检查注释文件
SAW checkGTF
SAW count 的分析任务只接受标准格式的注释文件,所以在 SAW count 进行 reads 注释之前会自动校验文件的内容和格式。除了之外,还能够通过它实现特定注释信息内容的提取。
SAW 允许接入的注释文件的文件后缀名包括:gtf/gtf.gz、gff/gff.gz、gff3/gff3.gz 。
如果注释文件存在以下内容和格式问题(常见的错误),SAW checkGTF 将进行简单更正和问题提醒,以确保文件能够被正常使用。
| Issue | Solution |
|---|---|
| In the seventh column indicating the sense and antisense strands, "-" and "_" symbols are mistakenly mixed. | Check each row of the annotation file and correct the error symbol "_" to "-". |
| A gene block lacks gene ID. | Discard the entire gene information and issue a warning. |
| A gene row is missing but the transcript row has information. | Discard the entire gene information and issue a warning. |
| A gene block lacks gene name. | Use gene ID to fill in the missing one. |
| A gene row exists but partial information of child rows is missing. | Child rows can inherit information from their gene rows. |
| A transcript ID is missing. | Fill it with its parent gene ID suffixed with a sequential number (e.g., XXX.1). |
| A row contains multiple attributes with the same name. | Only save the last <attribute:value> of the duplicated entries, for subsequent annotation. |
*请注意,该程序默认假定输入注释文件已正确排序,并以基因块格式识别基因注释信息。
运行命令进行注释文件的格式检查:
saw checkGTF \
--input-gtf=/path/to/input/GTF/or/GFF \
--output-gtf=/path/to/output/GTF/or/GFF
假若不设置 --output-gtf 参数,程序将不会输出修正后的结果文件,请注意检查日志信息。

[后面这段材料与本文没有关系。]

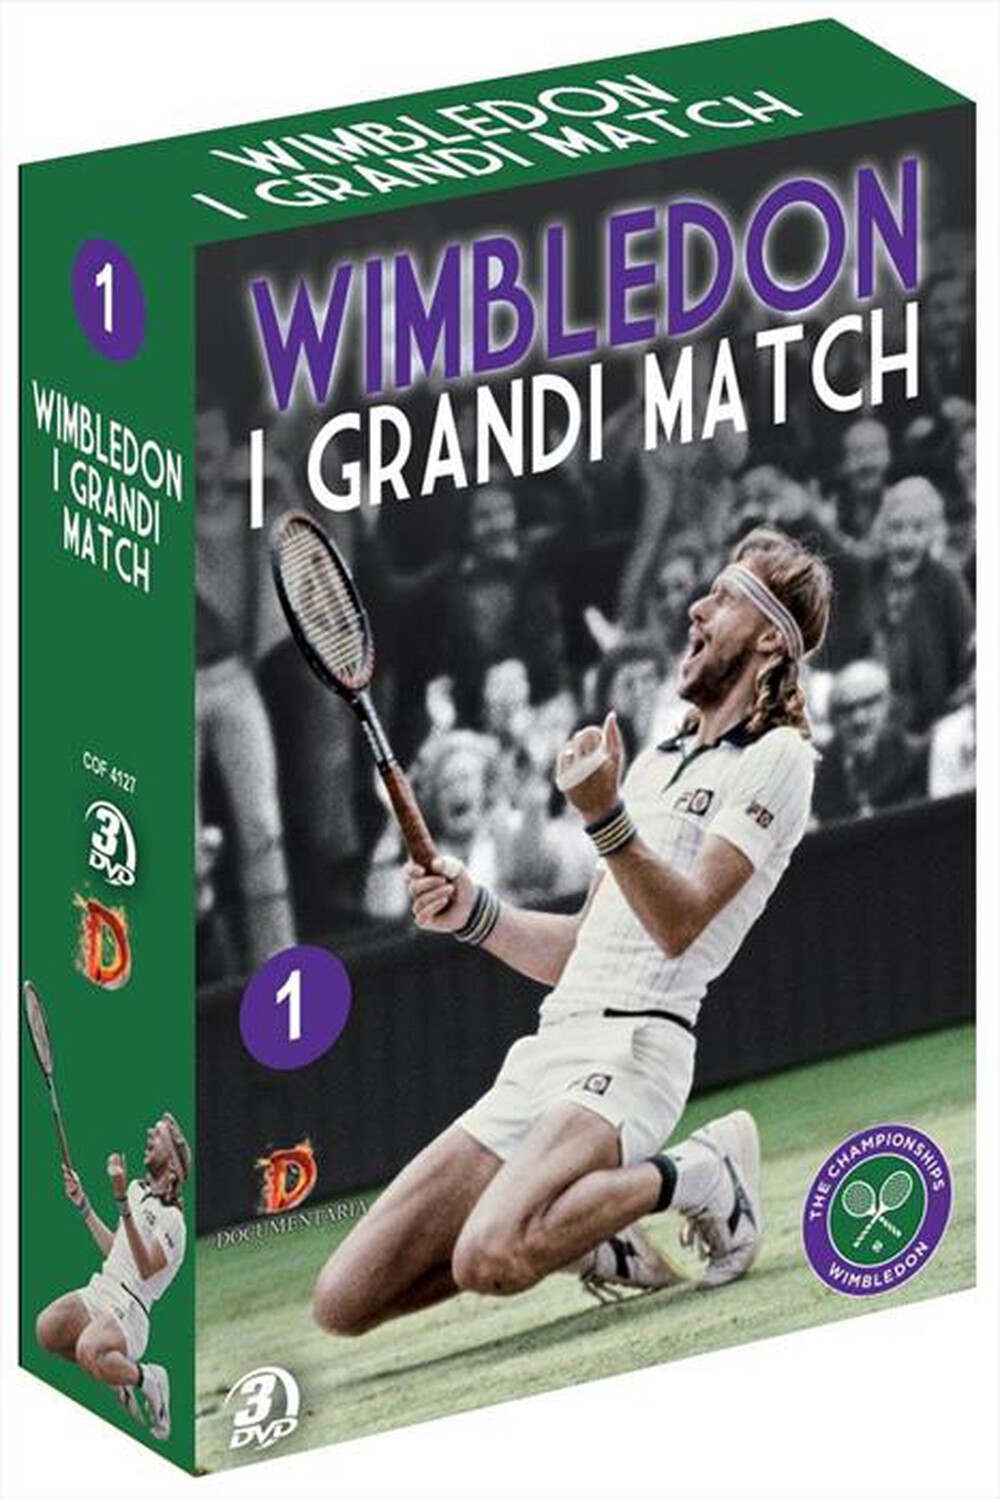 "CINEHOLLYWOOD - Wimbledon - I Grandi Match 1 (3 Dvd)"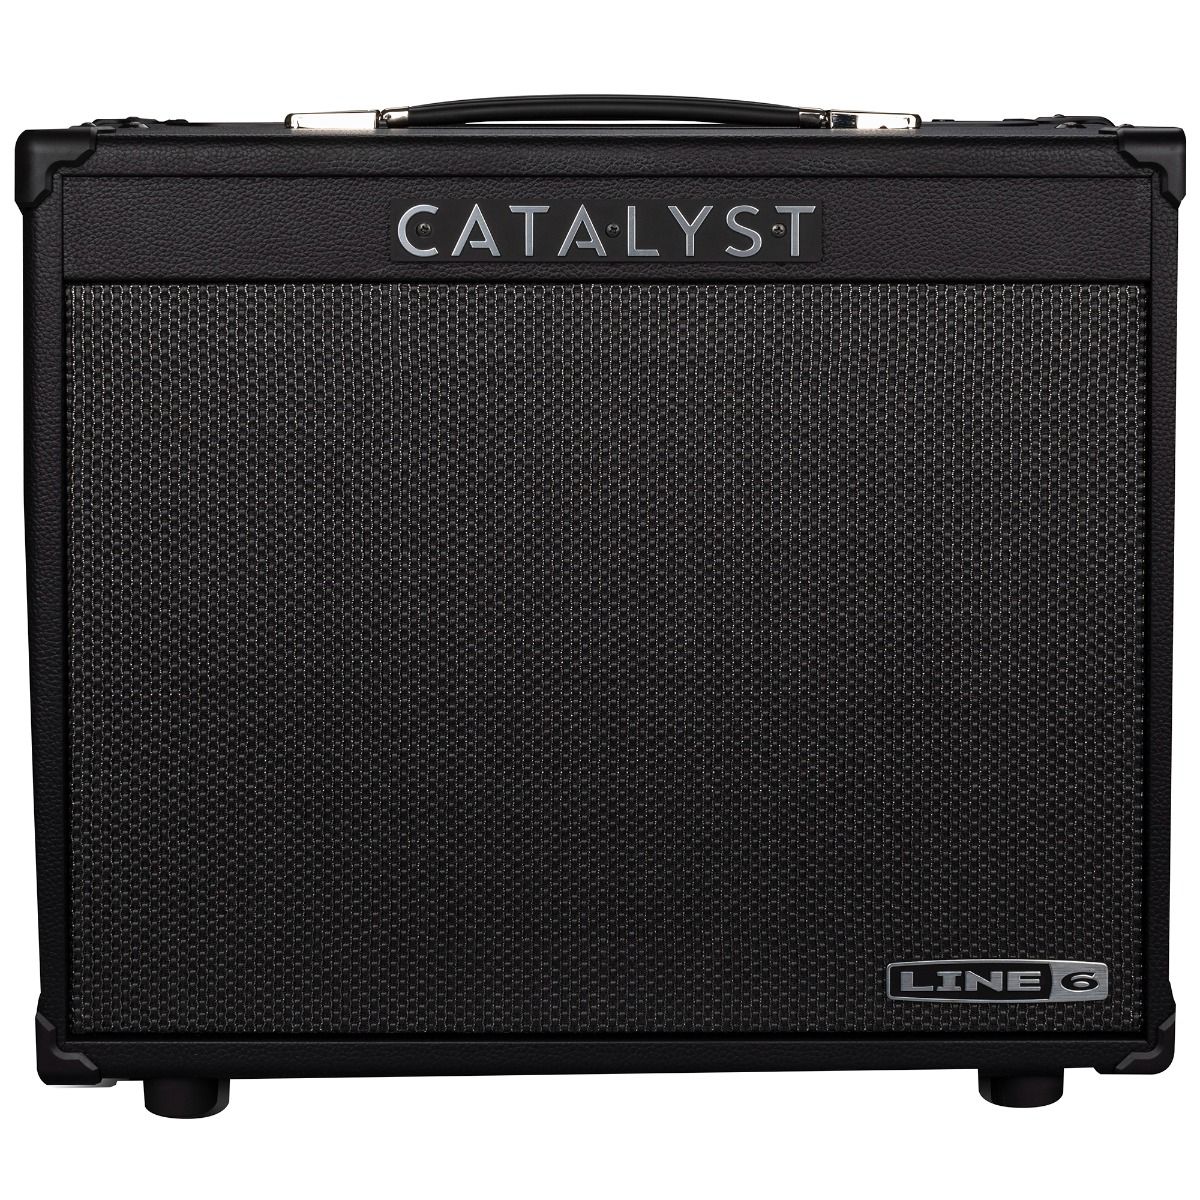 Line 6 Catalyst 60 1x12 60w Guitar Combo Amp

如果想要提取特定的注释信息,例如: gene_biotype:protein_coding 或 gene_biotype:lincRNA,可以这样运行程序:
saw checkGTF \
--input-gtf=/path/to/input/GTF/or/GFF \
--attribute=key1:value1,key2:value2,... \
--output-gtf=/path/to/output/GTF/or/GFF
如果 --attribute 启用,SAW checkGTF 将提取特定的注释信息,但不进行文件格式的检查。